[Work order]: Skip the pictures and return every entry exactly as written.

Recorded data:
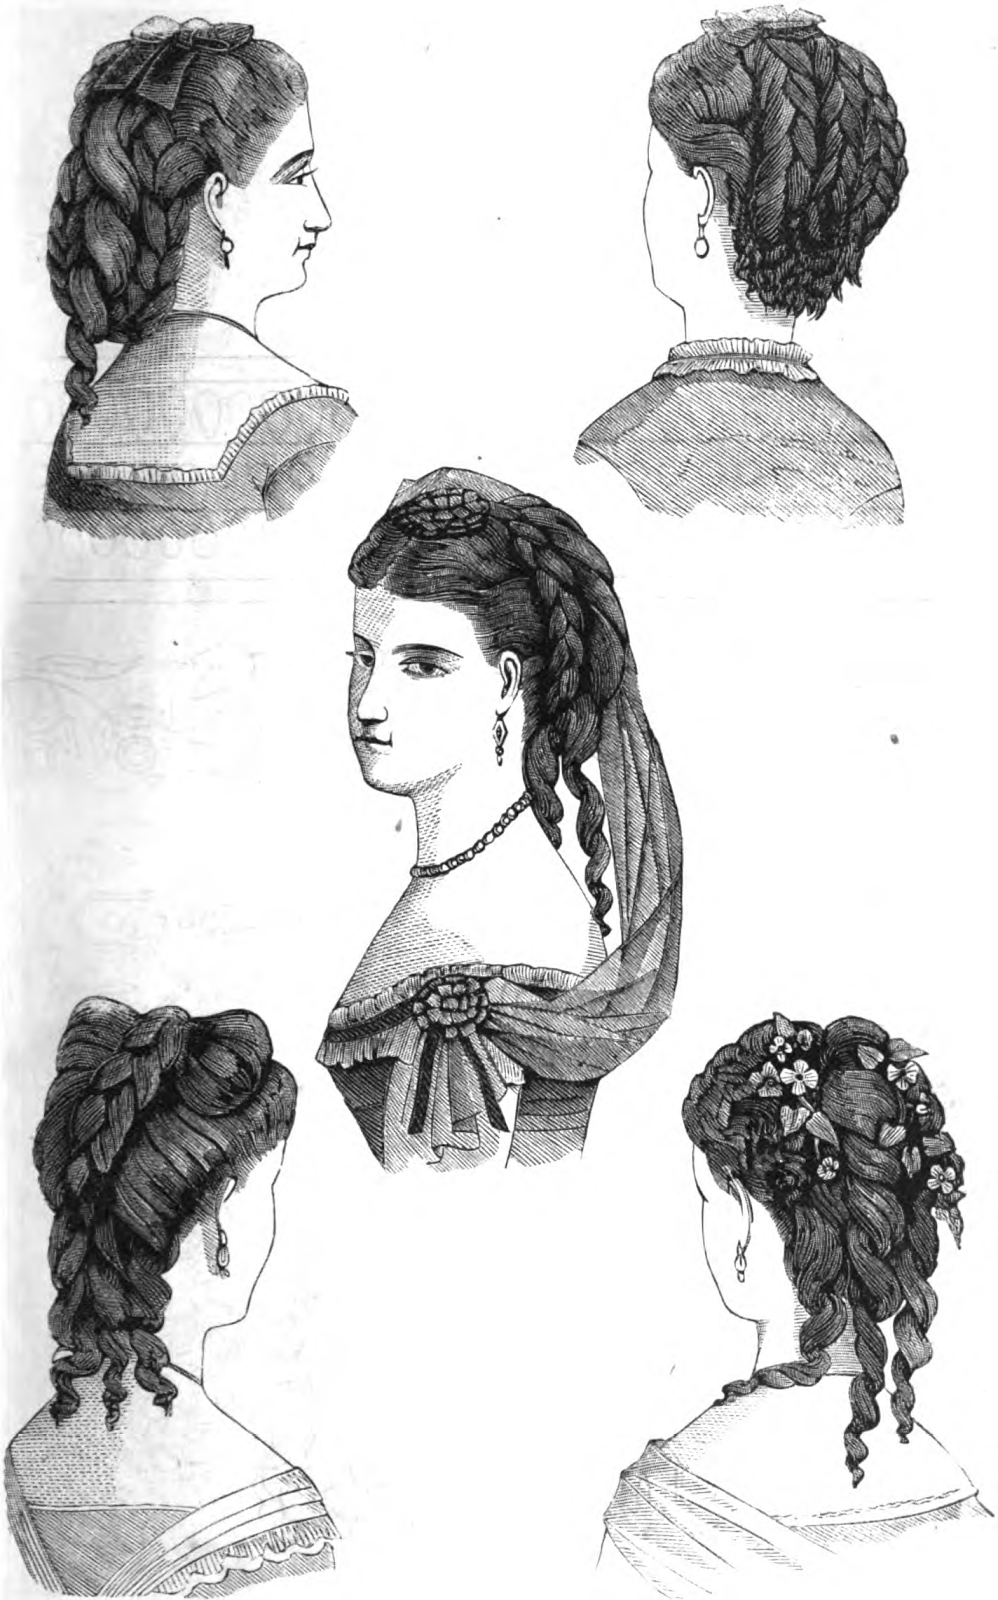 19th Century Historical Tidbits 1870 Hair Fashions 1870s Clothing
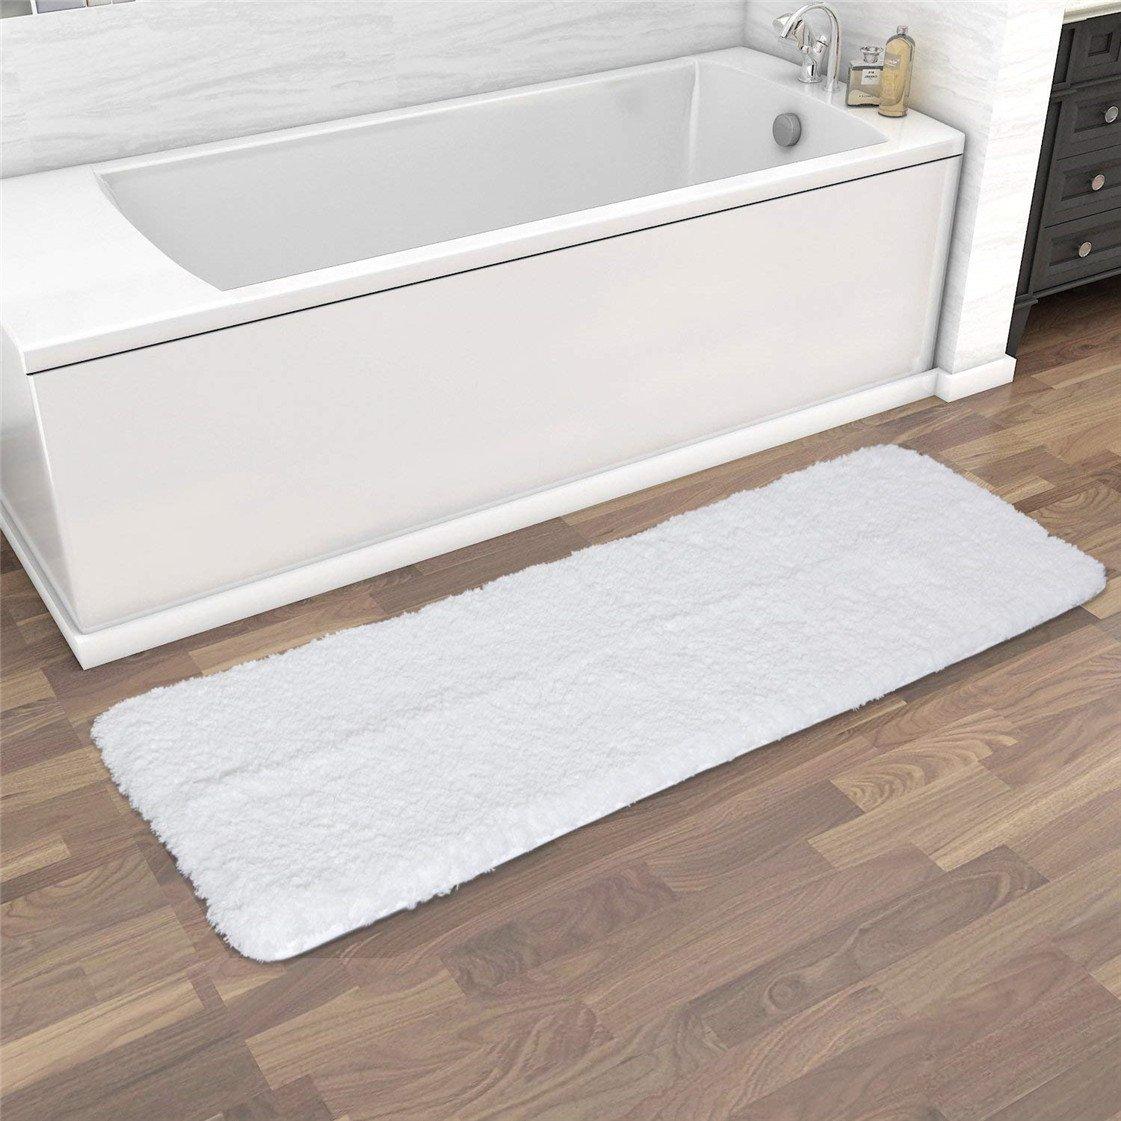 Bathroom Rug, Soft Microfiber Non-Slip Long Rubber Bath Rug Anti- Bacterial Mats (47'' Length x 18'' Width) - Machine Washable, White
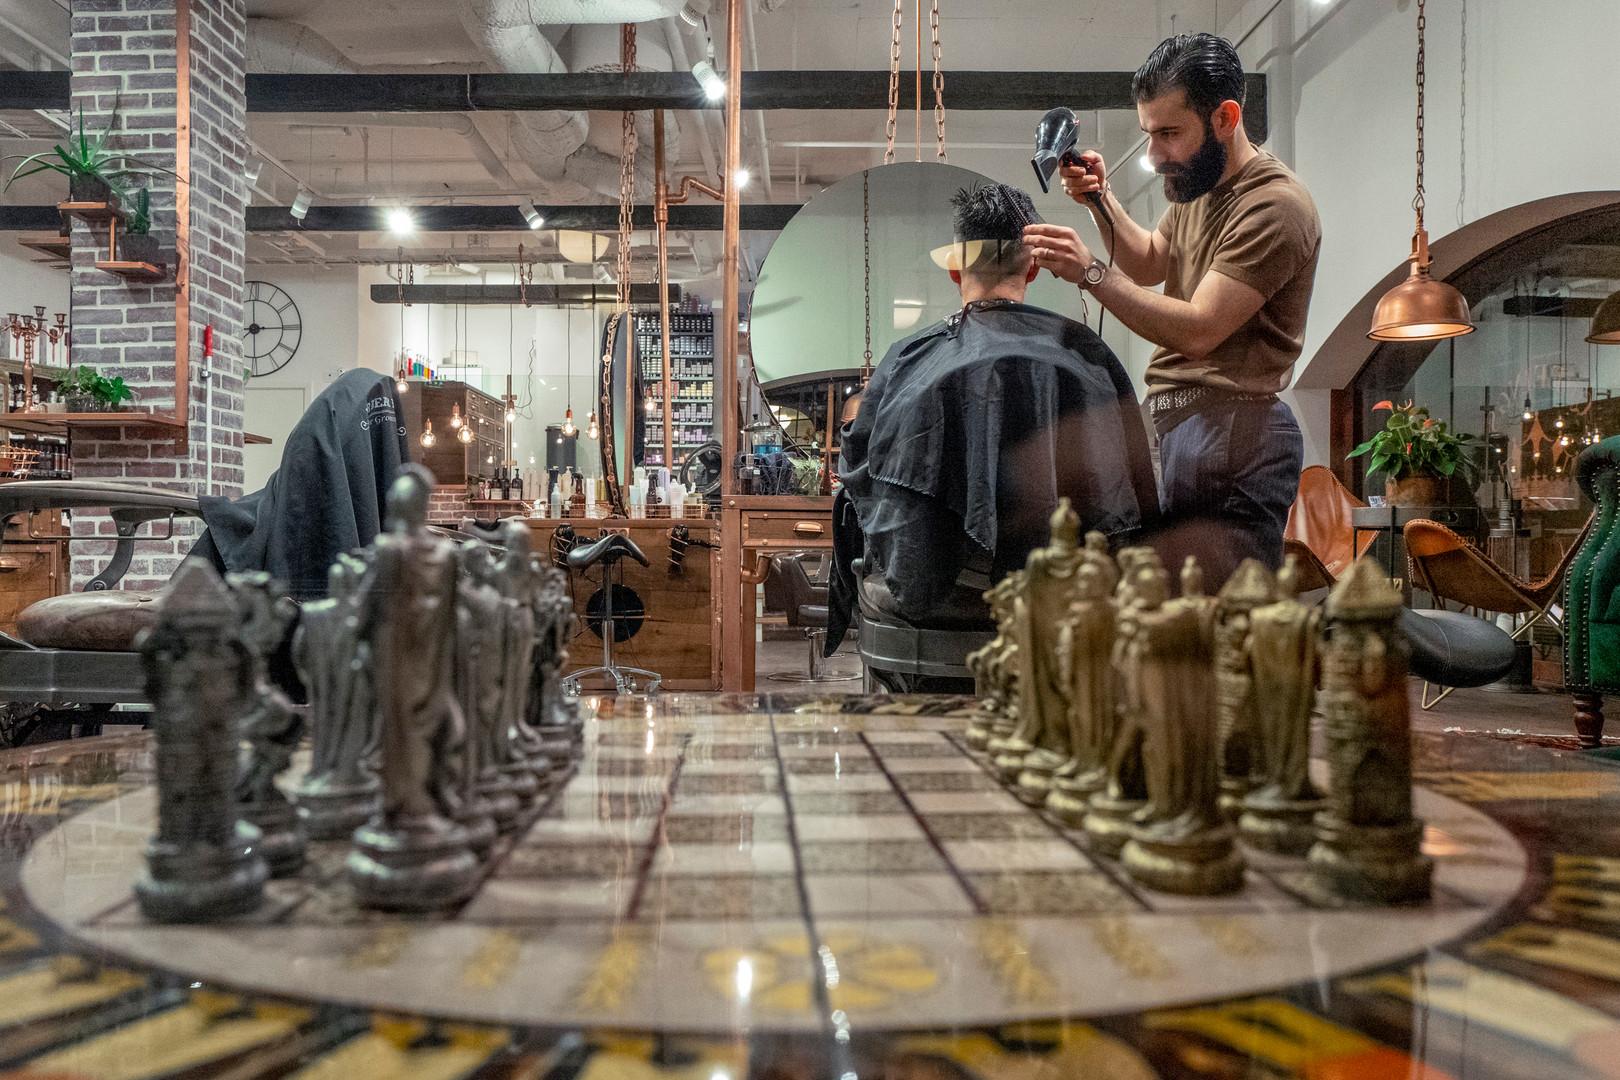 Barber shop in Uppsala
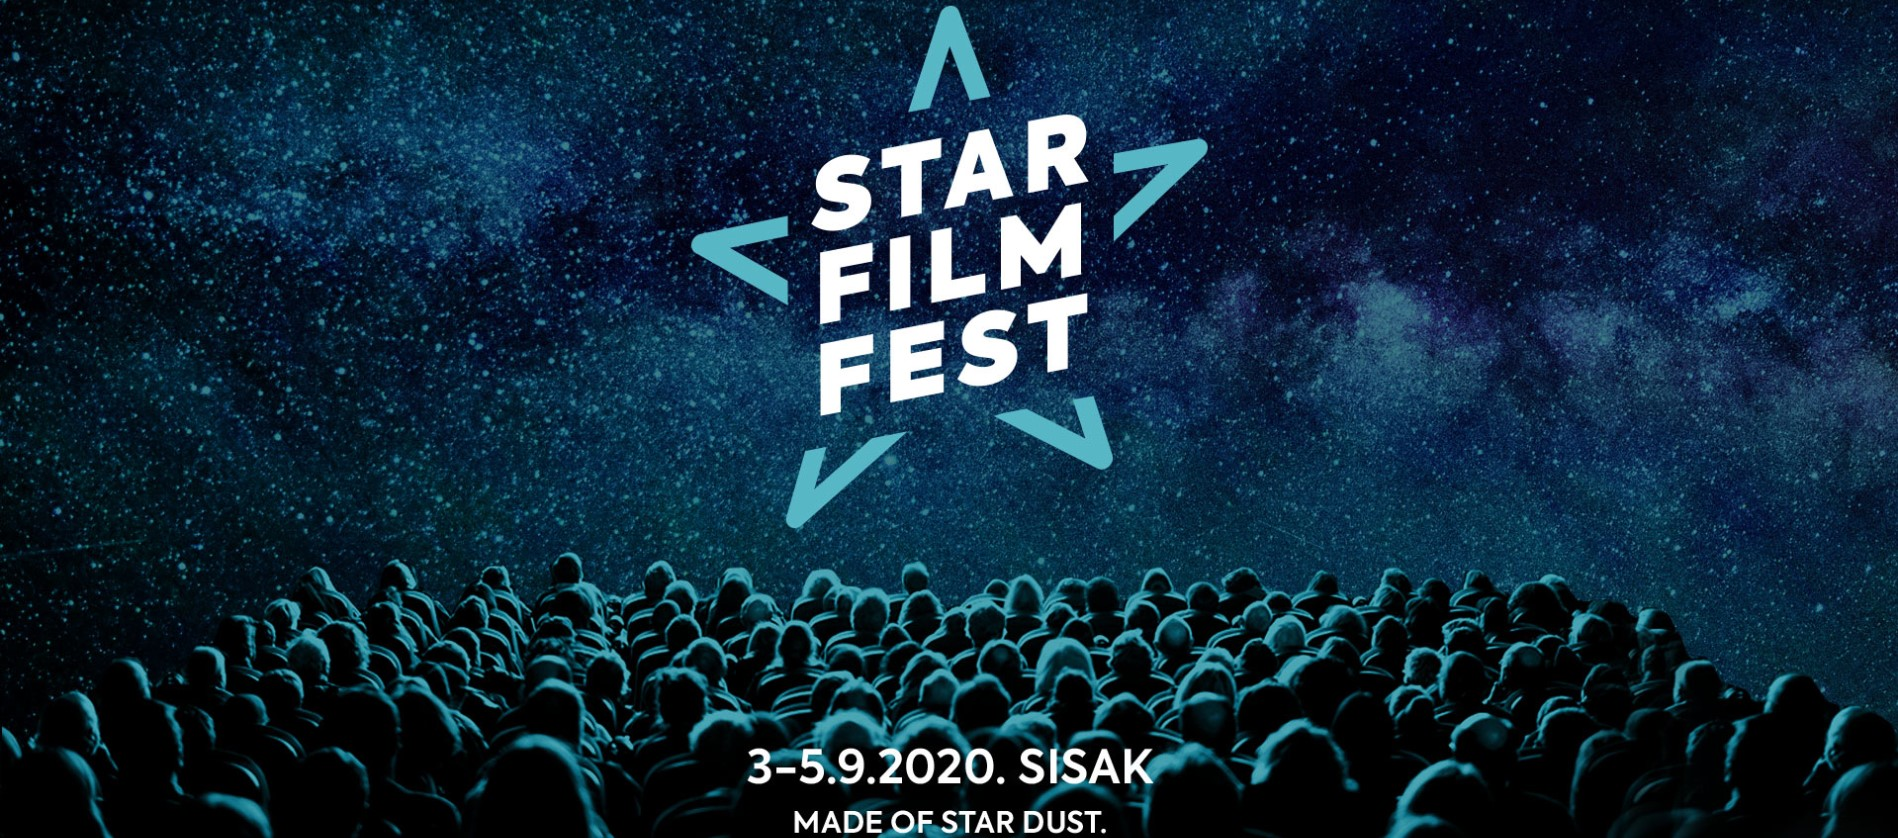 Konkurs Star Film Festa u Sisku
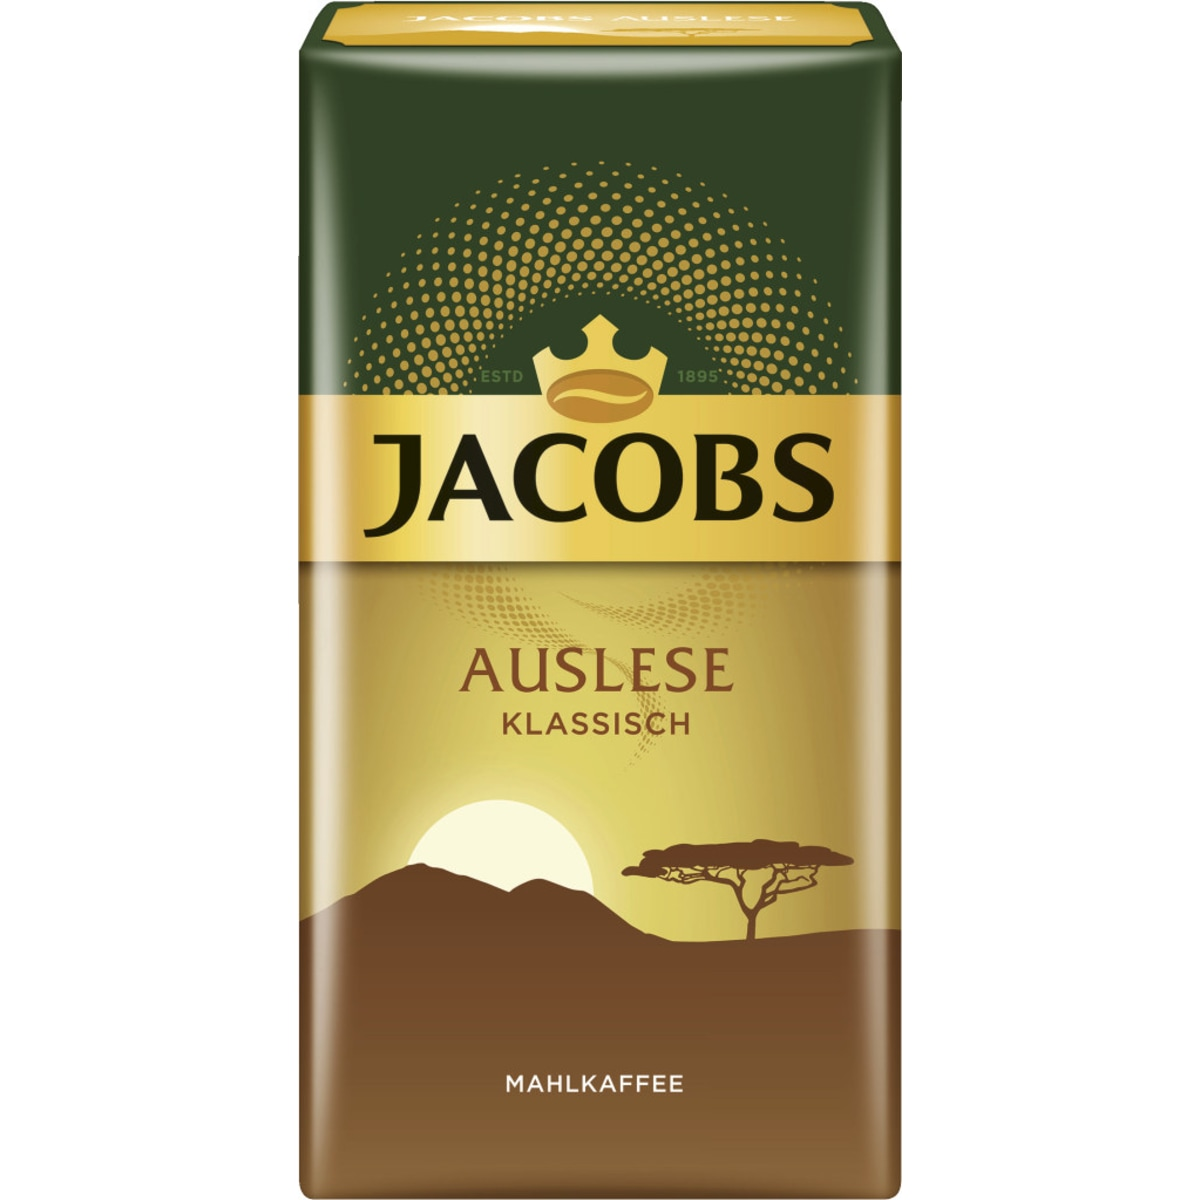 Jacobs Auslese Classic gemahlen

[Answer space]:
 19th Century Historical Tidbits 1870 Hair Fashions 1870s Clothing
 Bathroom Rug, Soft Microfiber Non-Slip Long Rubber Bath Rug Anti- Bacterial Mats (47'' Length x 18'' Width) - Machine Washable, White
 Barber shop in Uppsala
 Konkurs Star Film Festa u Sisku
 Jacobs Auslese Classic gemahlen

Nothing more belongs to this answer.